United States citizen Syed Ghulam Nabi Fai, director of the Kashmir American Council (KAC), pleaded guilty yesterday to hiding the fact that the Pakistani military and Inter-Services Intelligence Directorate (ISI) paid him to lobby the U.S. government in regards to a Pakistan-India territorial dispute.
“For the last 20 years, Mr. Fai secretly took millions of dollars from Pakistani intelligence and lied about it to the U.S. government,” said U.S. Attorney Neil MacBride said in a statement. “As a paid operative of ISI, he did the bidding of his handlers in Pakistan while he met with U.S. elected officials, funded high-profile conferences and promoted the Kashmiri cause to decision-makers in Washington.”
India occupied Kashmir territory in 1947 and currently stations — according to KAC — “well over 750,000 Indian military and paramilitary forces” in the region.
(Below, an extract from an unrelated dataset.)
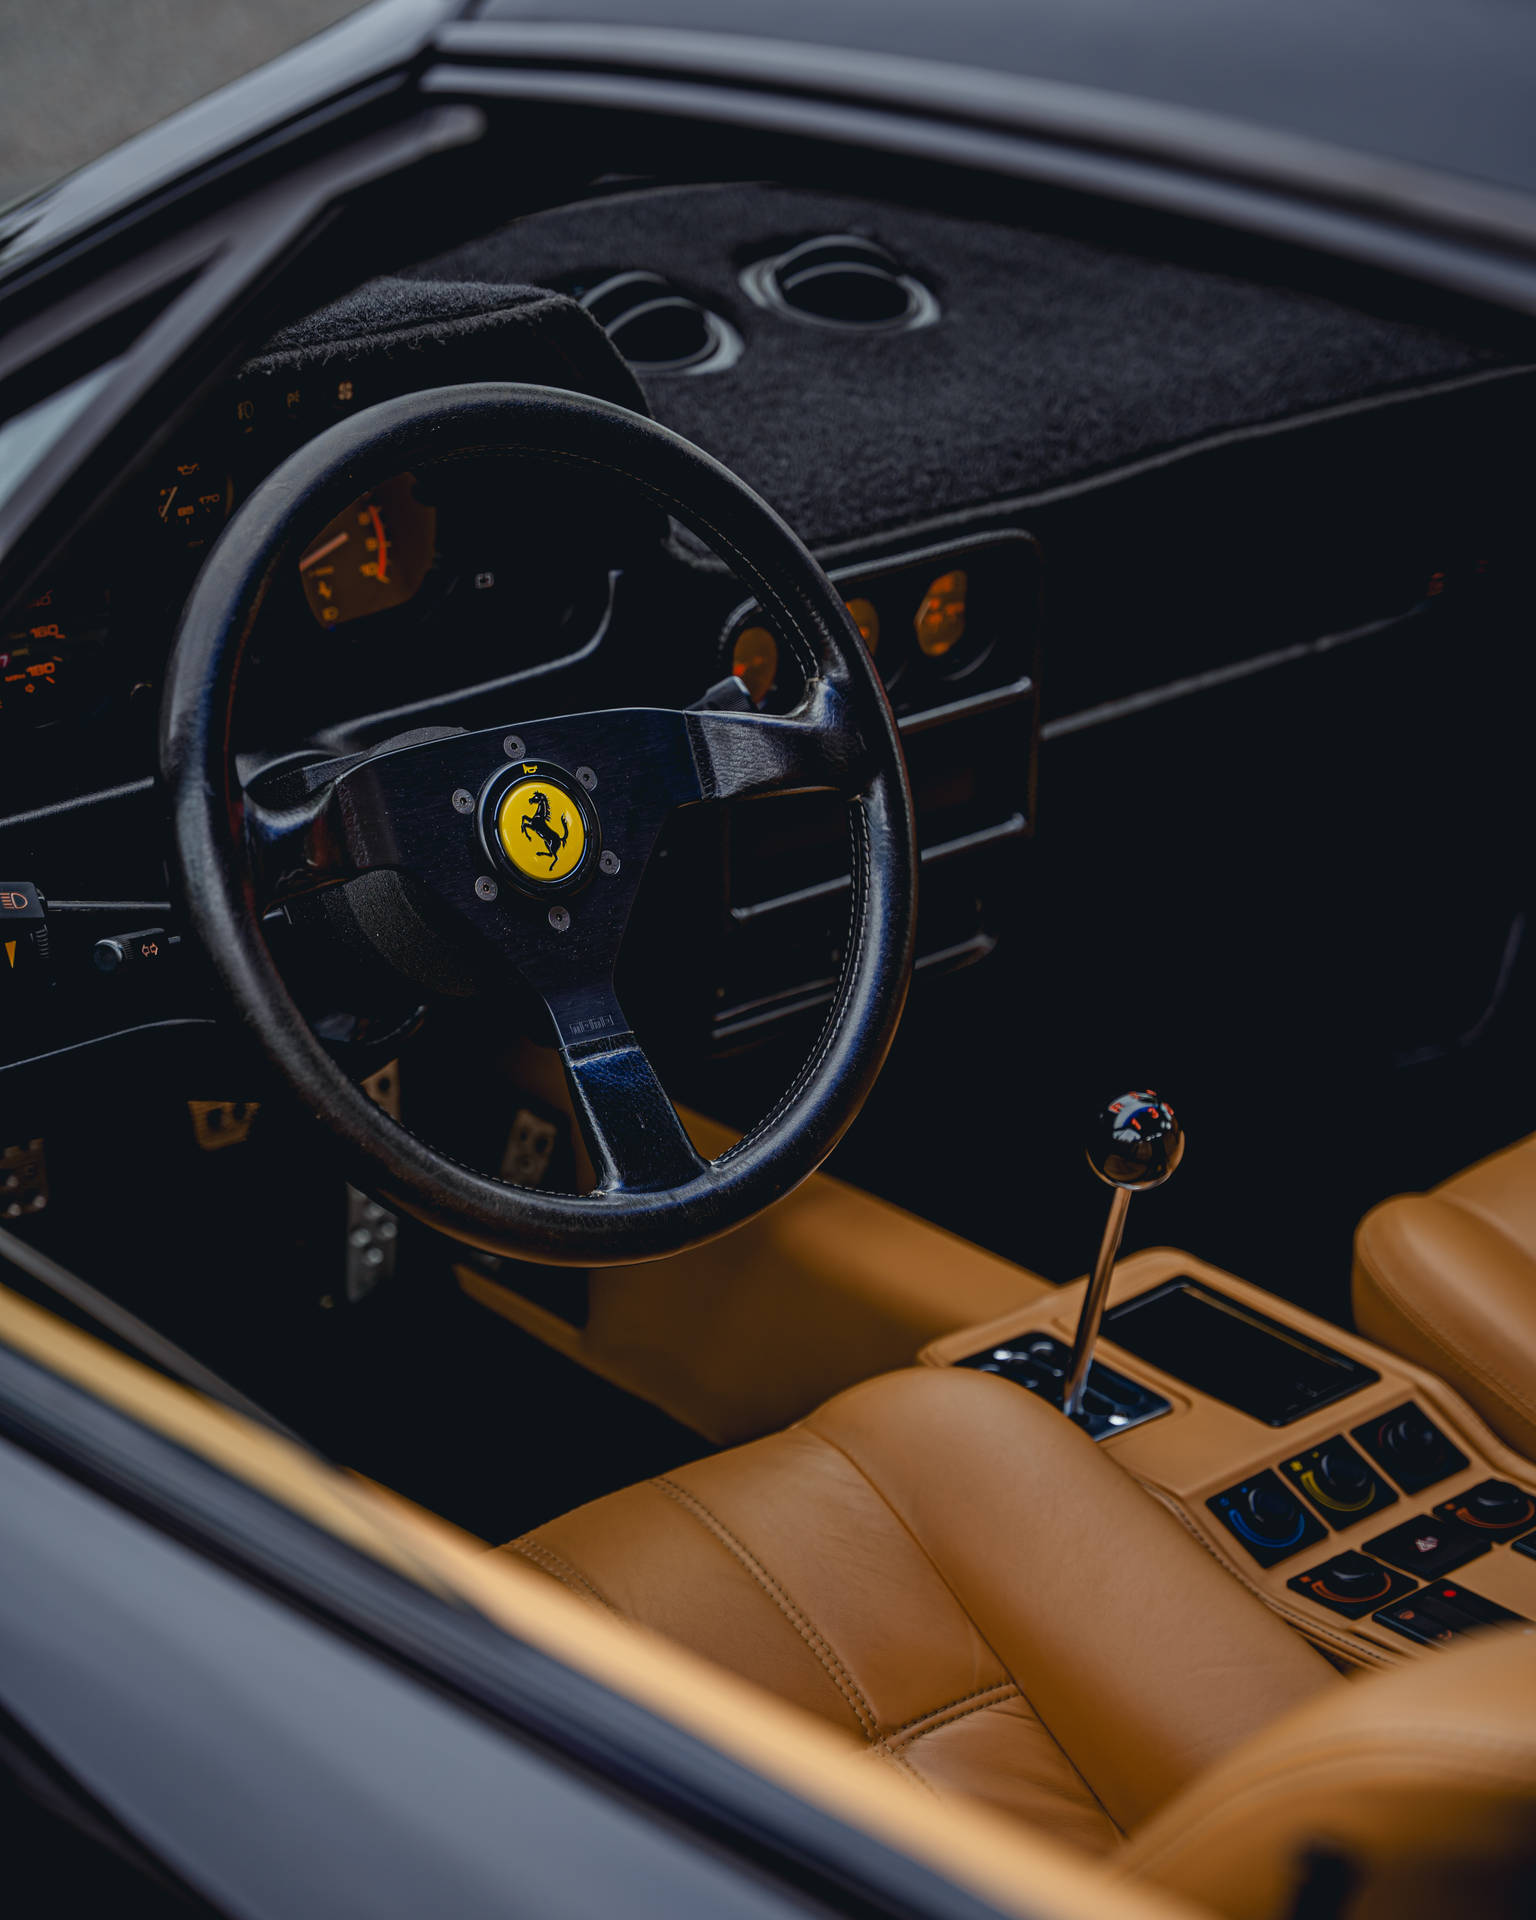 4k Ferrari Background Photos

The United Nations notes that “Pakistan considers Kashmir as its core political dispute with India,’ adding that “the United Nations also does not consider Indian claim as legally valid.”
KAC says that it “has always been, and remains, an organization created by Kashmiris, for Kashmiris, designed and dedicated to supporting Jammu and Kashmir’s right to self determination as enshrined in multiple United Nations resolutions.”
The United States government findings damage that claim. “Fai repeatedly submitted annual KAC strategy reports and budgetary requirements to Pakistani government officials for approval,” the FBI explains in a press release.